# Bloody Mary's Cemetery Photos



## 13mummy (Apr 5, 2008)

*Here are some photos of cemetery and haunt this year. This is my second year doing this so advice or any comments would be appreciated.*

I live in a new development and this is why it's all mud and they just dug the hole for the neighbors basement.

I was in one of my cities newspaper and on the papers website. So I'm very excited about that.

Image hosting, free photo sharing & video sharing at Photobucket

For next year I'm planning on building some columns, so that will make a huge difference.


----------



## RoxyBlue (Oct 6, 2008)

When I saw the inflatable pumpkins at the beginning of the slide show, it lulled me into thinking I would be looking at a very child-friendly, not too scarey set up, THEN we got to those creatures on your front steps...! Man, every child's nightmare there - did any of the TOTs make it to your front door?

Grass and leaves always help add to the look of a cemetery, but I doubt anyone would notice with all the things you had to look at. The night shots in particular look good.

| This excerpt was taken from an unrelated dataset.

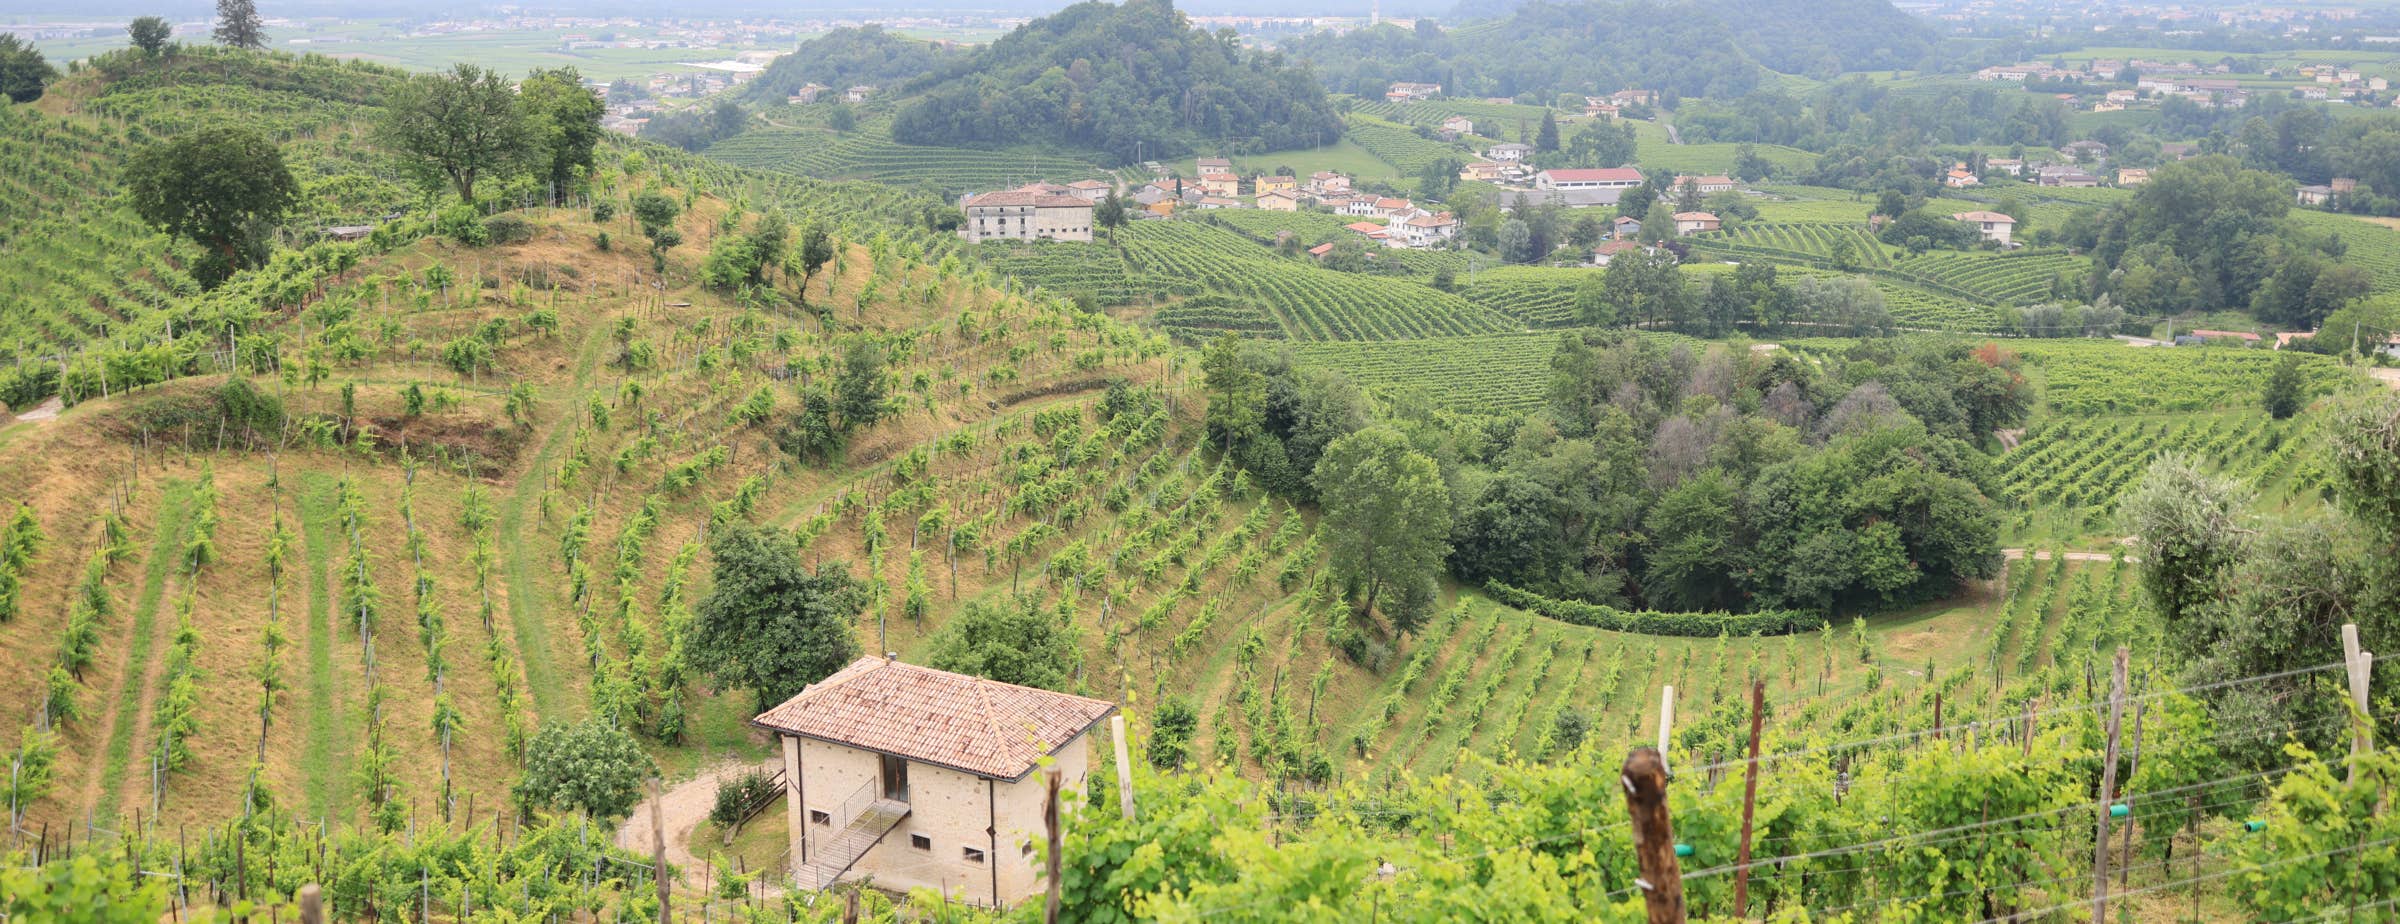 Na sliki so vinogradi na hribovitem terenu z osamljenimi hišicami in majhnimi skupinami stavb med vinogradniškimi parcelami.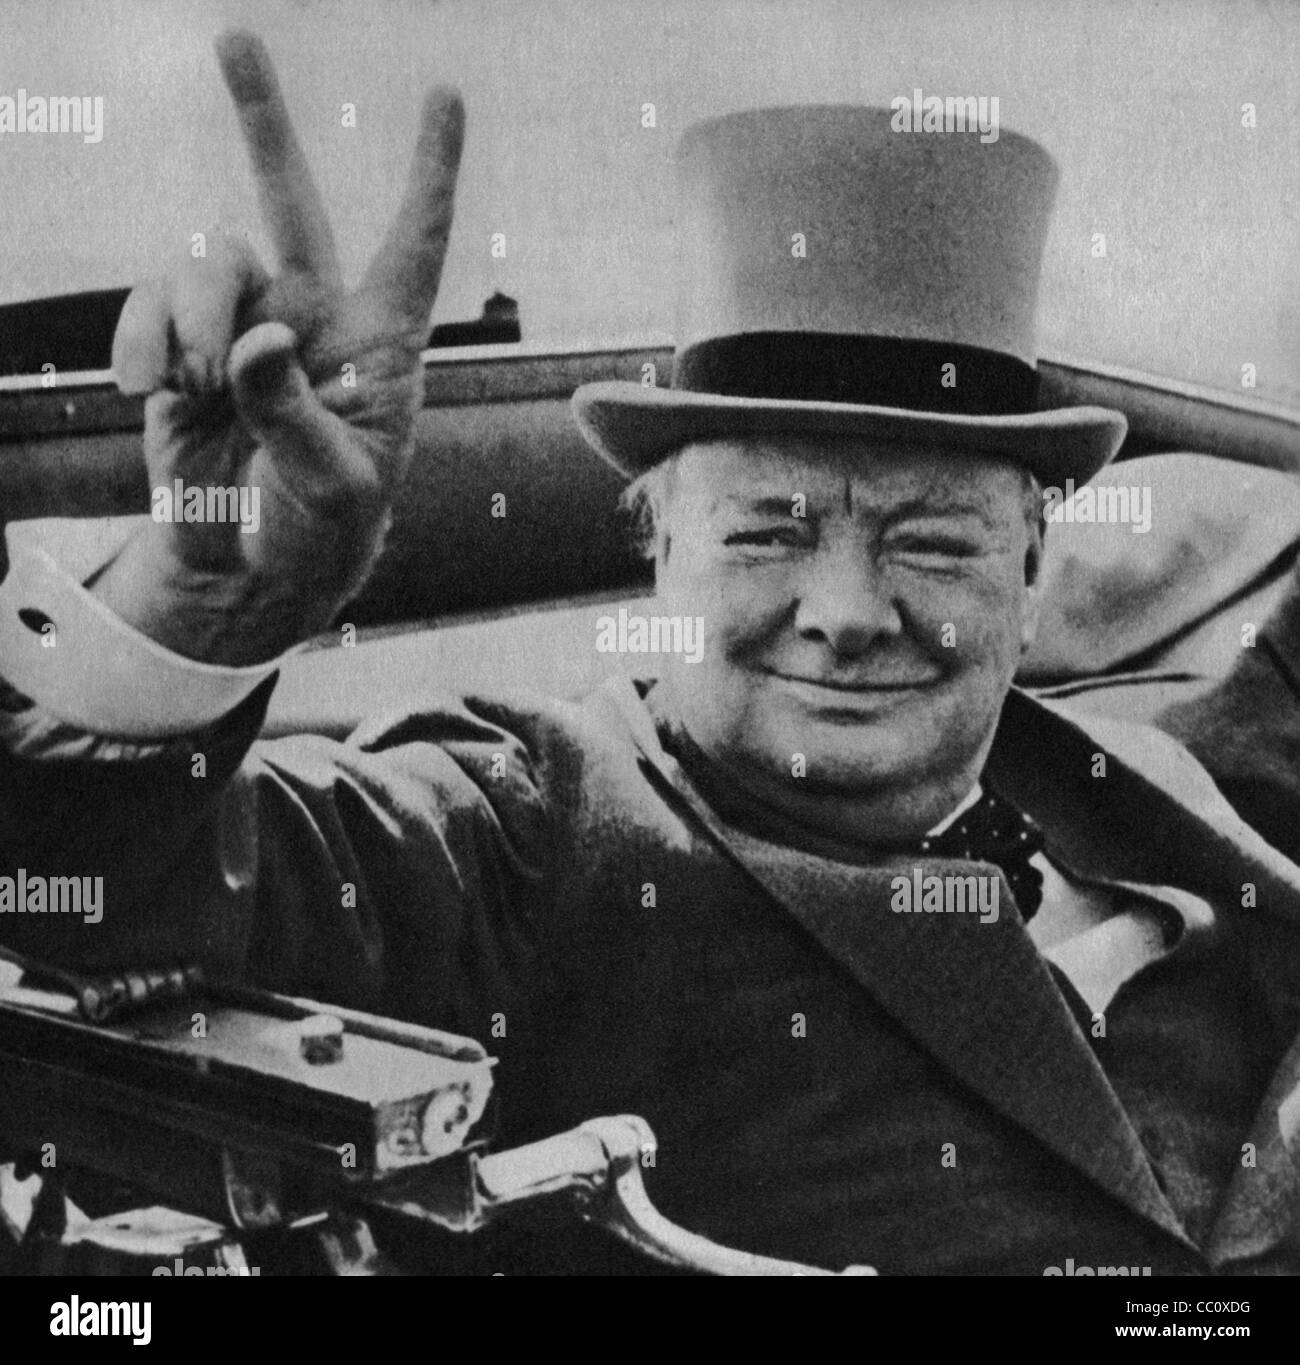 Britischen Führer Winston Churchill mit seiner berühmten V für Victory-Zeichen. Bild aus dem Archiv des Presse-Portrait-Service (ehemals Porträt Pressebüro) 1946 Bild Stockfoto

Congrats on getting in the paper!


----------



## Scary Godmother (Oct 13, 2007)

Looks great, you have some nice props there that I have never seen around here. I'm not big on inflattables, but that entry is cool. Also like the eyeball lights. Cemetery lighting looks good also.


----------



## 13mummy (Apr 5, 2008)

Thanks for the comments. 

This will be the last year for inflatables, especially the pumpkins. I wanted to build columns for this year, but my Mom got sick and passed away during the summer. I bought the cemetery archway just for this year because I needed something. I'm going to start building very soon, and I can't wait.


----------



## Haunted Bayou (Feb 16, 2007)

Looks great. Love that ground-breaker!


----------



## Lilly (Jun 13, 2006)

Very sorry for your loss mummy.

nice pics,
I like the guy at entrance with the big mouth.
Why is the guy hanging on porch smiling ..that is creepy
overall looks good..
good job


----------